__WHAT IS BEING ASKED__.
Repeat exactly the lines below from the line that contains "The Isle of" to the last line, inclusive, without the pictures.
THE DATA START
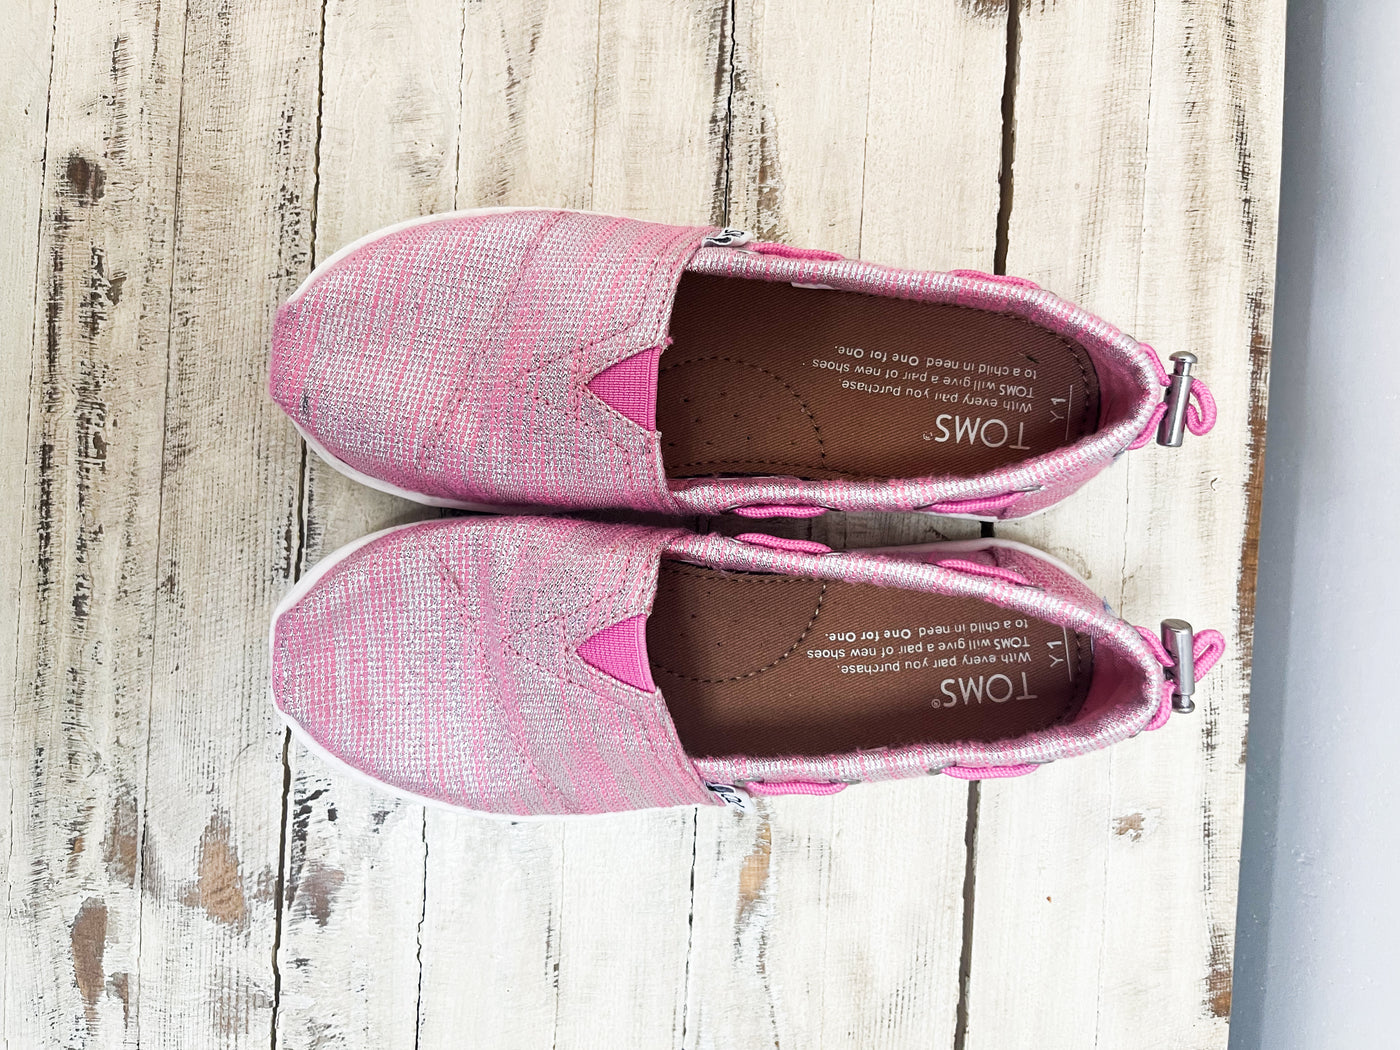 Kids TOMS pink shoes
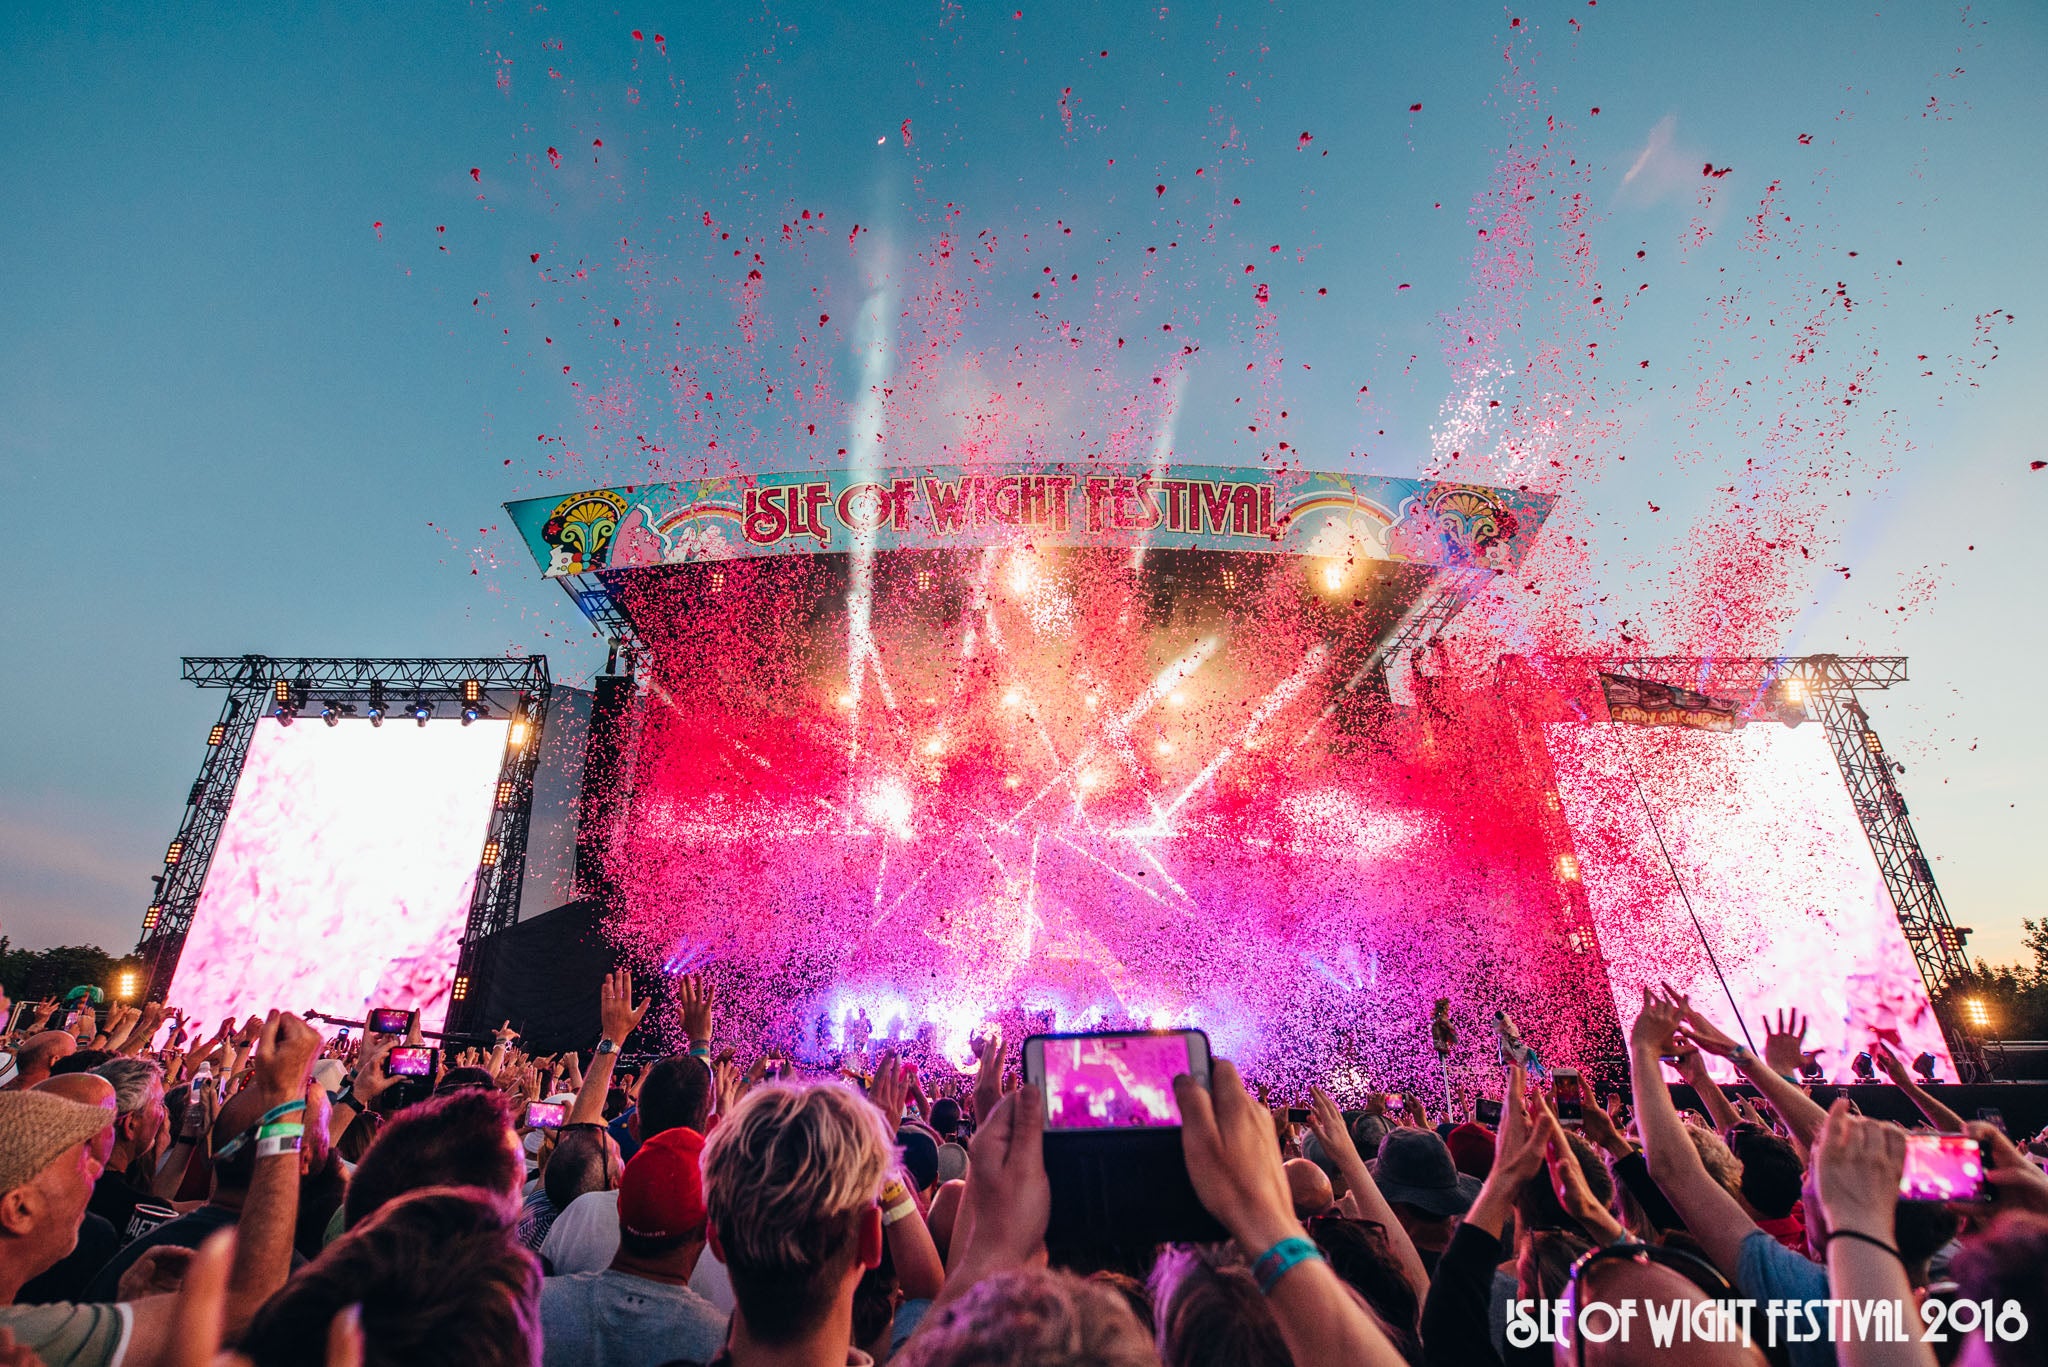 The Isle of Wight Festival was attended by around 50,000 people this year
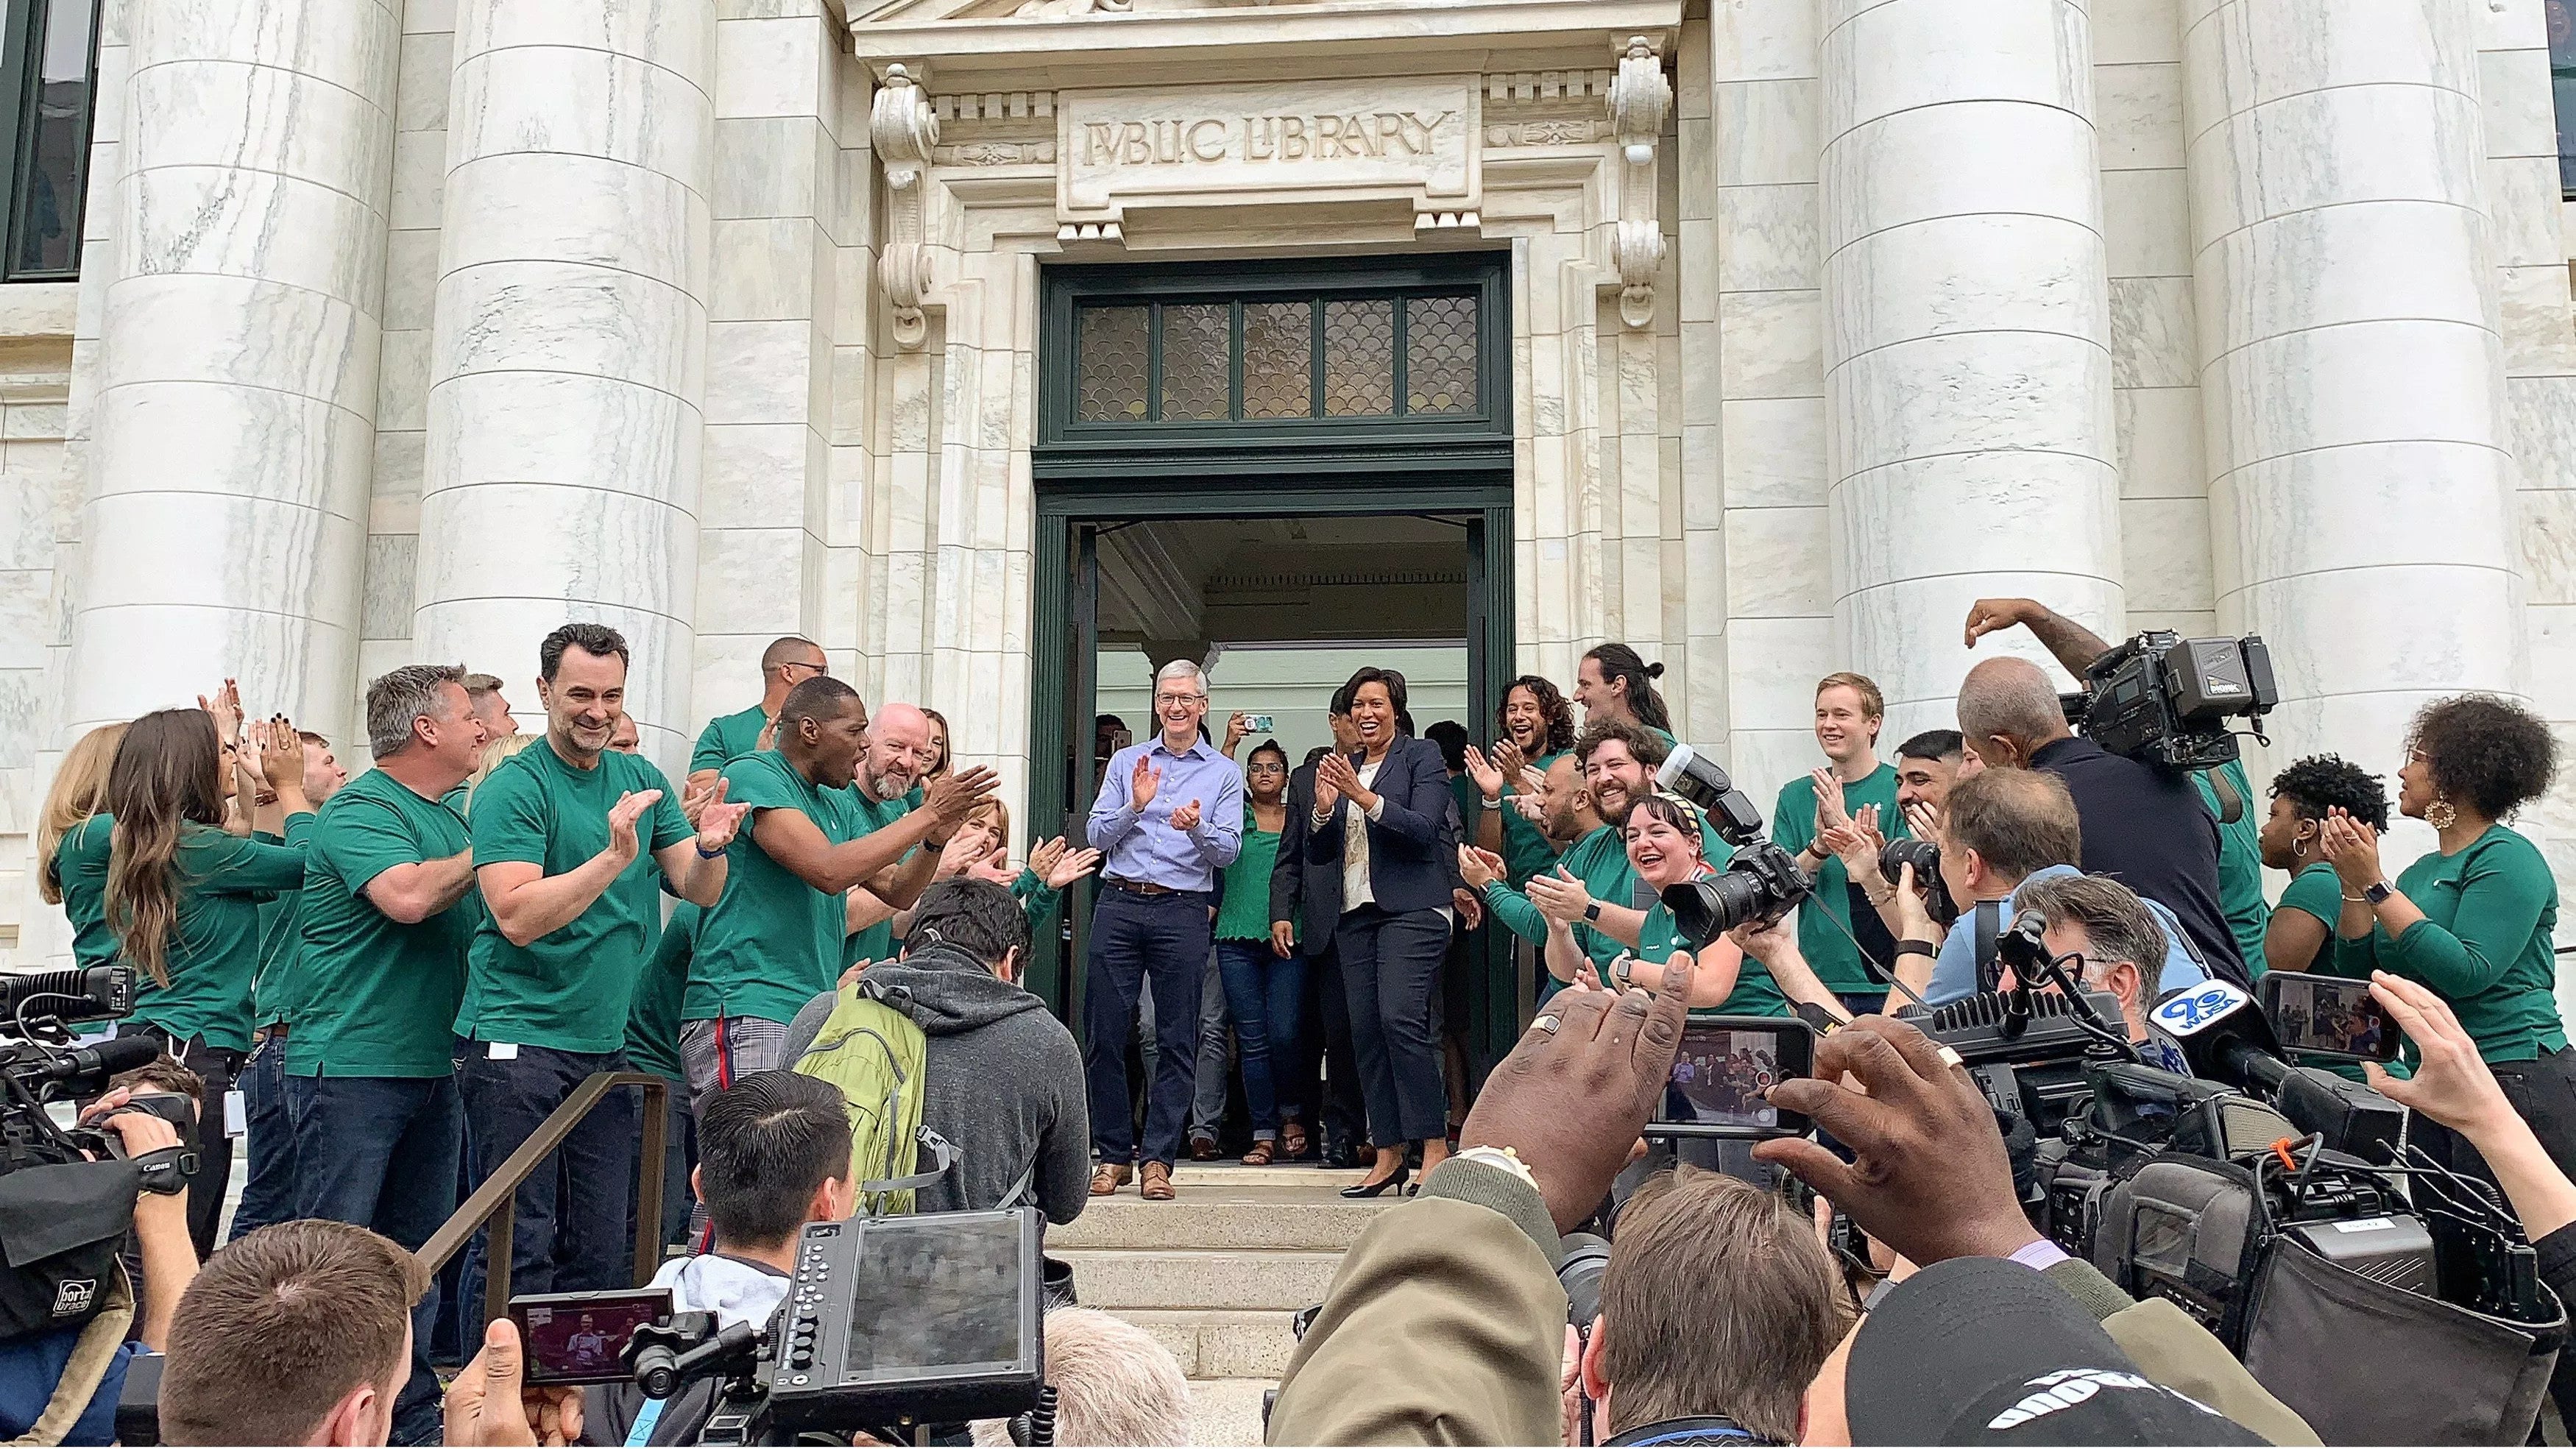 Apple opened its 505th store over the weekend, in&nbsp;the Carnegie Library in Washington D.C. - Has your experience at the Apple Stores worsened indeed?
THE DATA END
__OUTPUT OF THE EXERCISE__.
 The Isle of Wight Festival was attended by around 50,000 people this year
 Apple opened its 505th store over the weekend, in&nbsp;the Carnegie Library in Washington D.C. - Has your experience at the Apple Stores worsened indeed?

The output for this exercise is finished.